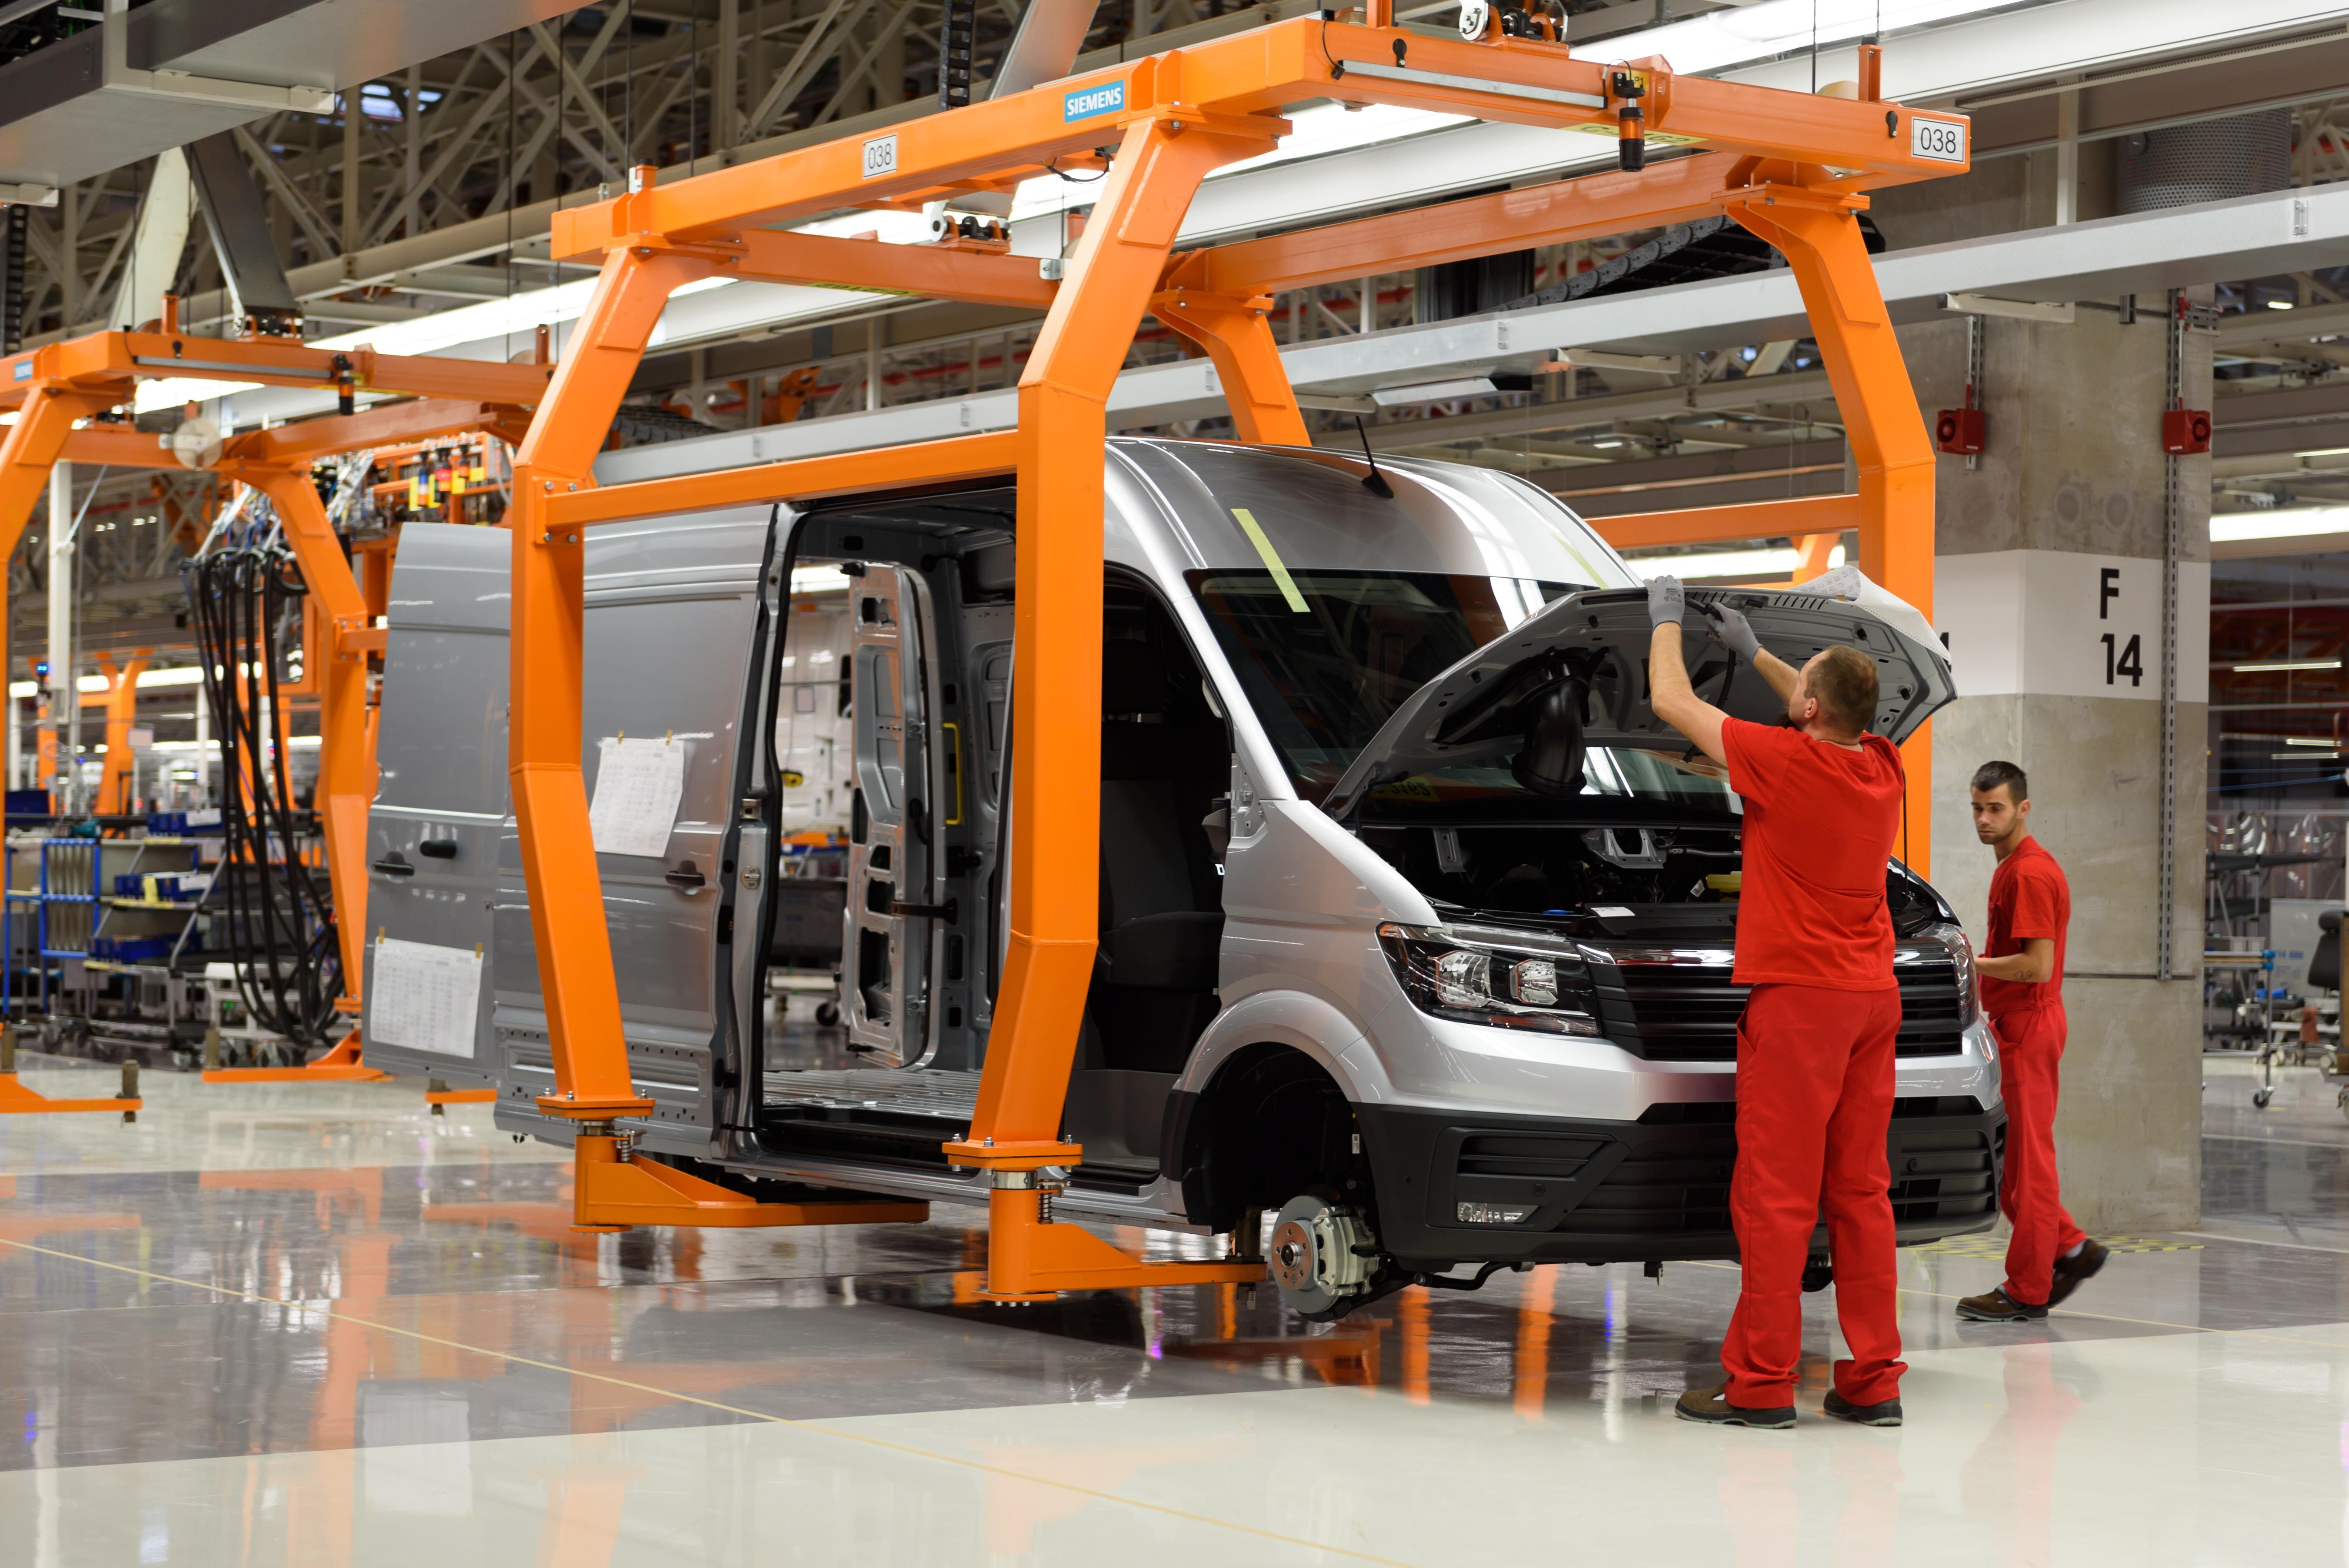 Nową fabrykę koncernu Volkswagen otwarto oficjalnie w poniedziałek w Białężycach koło Wrześni (Wielkopolskie). Od 2018 roku zakład będzie produkował rocznie 100 tys. sztuk nowej wersji dostawczego Volkswagena Craftera. PAP/Jakub Kaczmarczyk
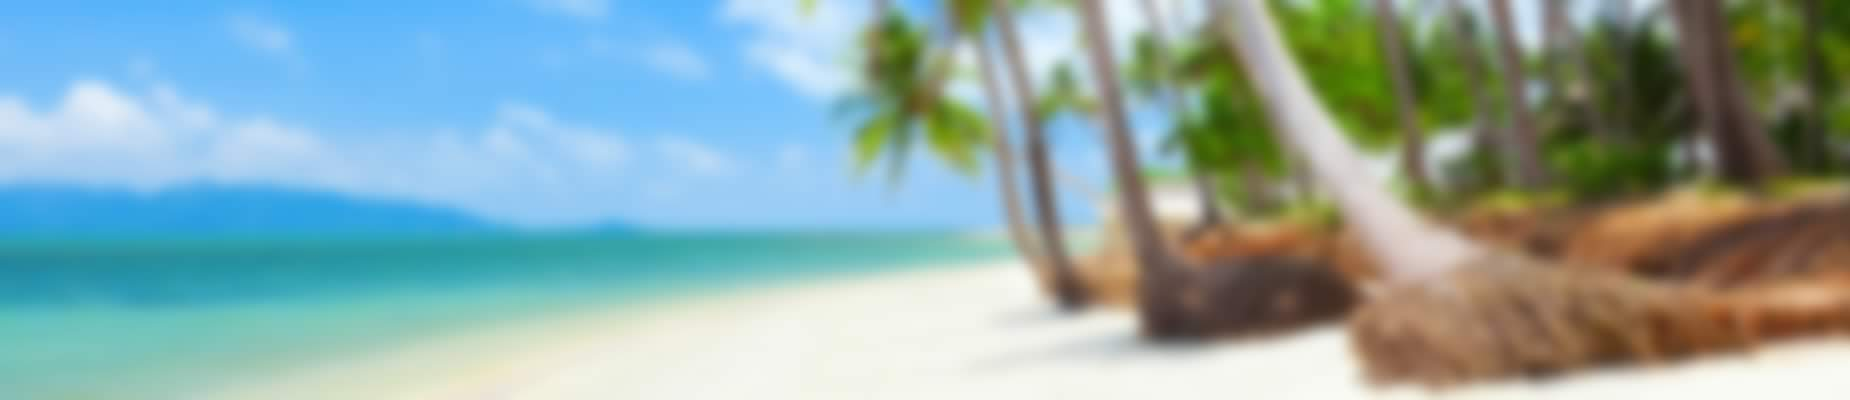 Beach Scene Slide 2
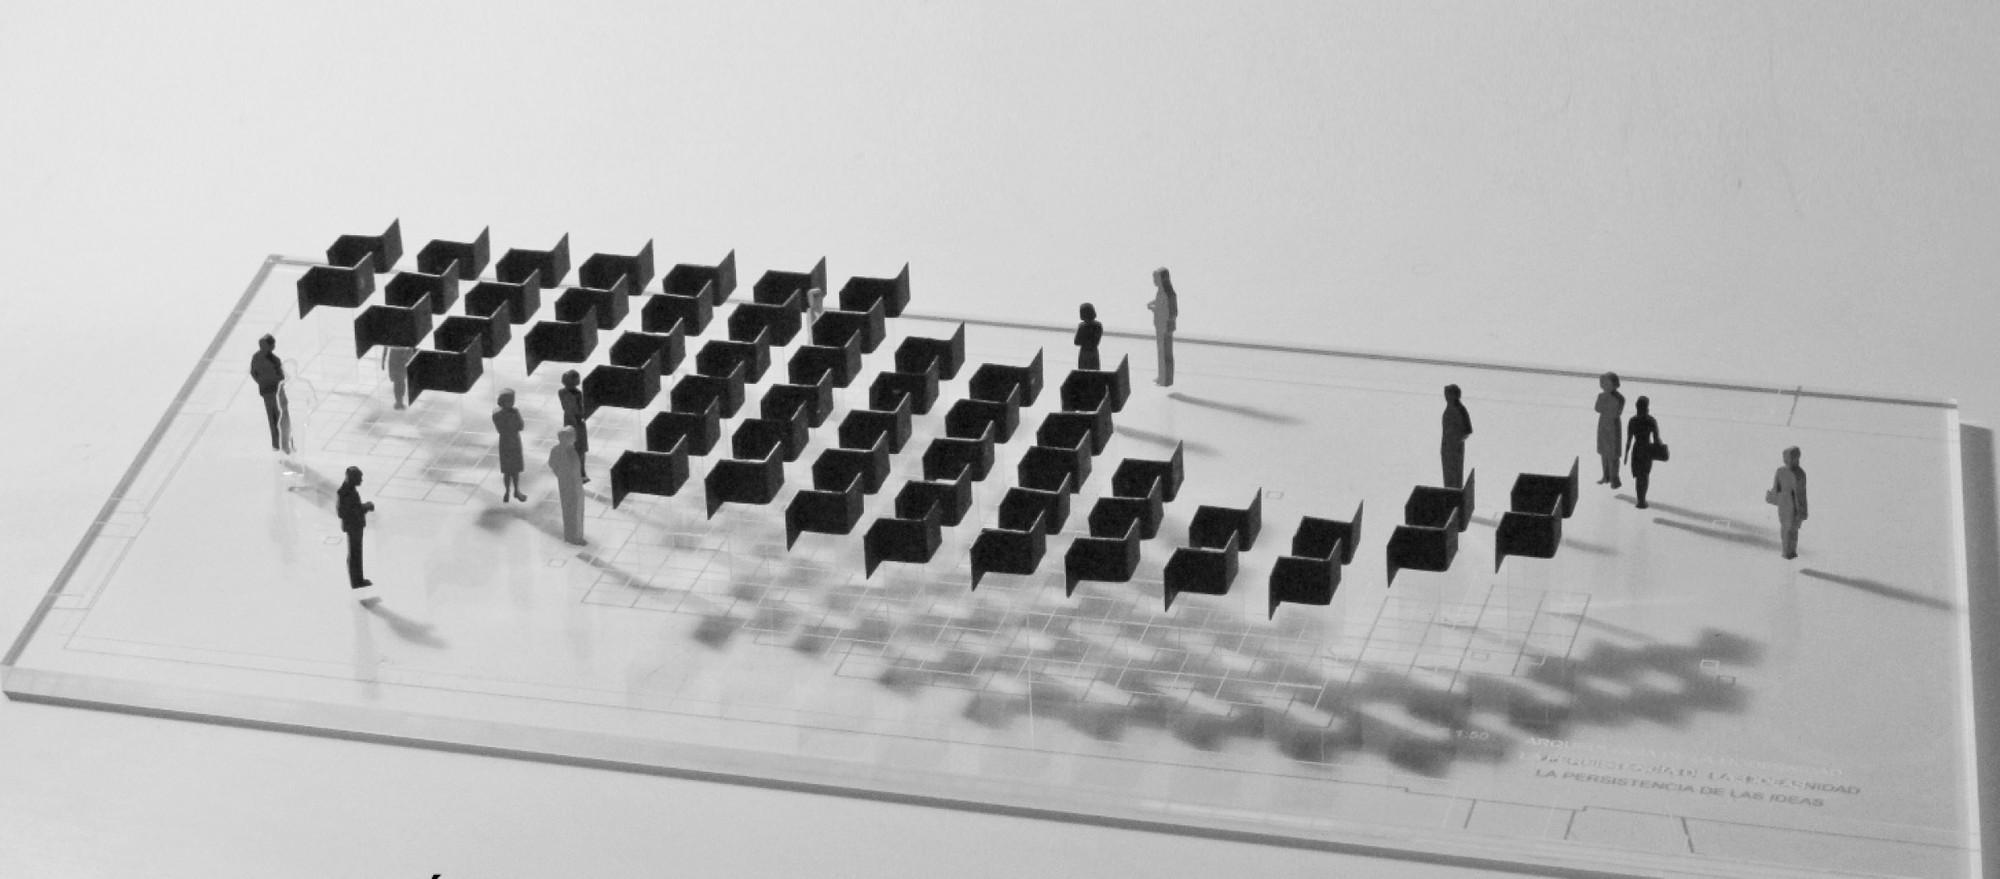 Segundo Lugar Pabellón de México en la 14ª Bienal de Arquitectura de Venecia / Arqueología de la modernidad, Courtesy of Lucía Villers, Juan José Kochen y Alberto Odériz

------

• [About this exercise]
Please transcribe the lines from the one containing "Beach Scene Slide 2" to the last line of the listing, both included, exactly and with nothing added, leaving every picture out.

• [Task response]
 Beach Scene Slide 2
 Segundo Lugar Pabellón de México en la 14ª Bienal de Arquitectura de Venecia / Arqueología de la modernidad, Courtesy of Lucía Villers, Juan José Kochen y Alberto Odériz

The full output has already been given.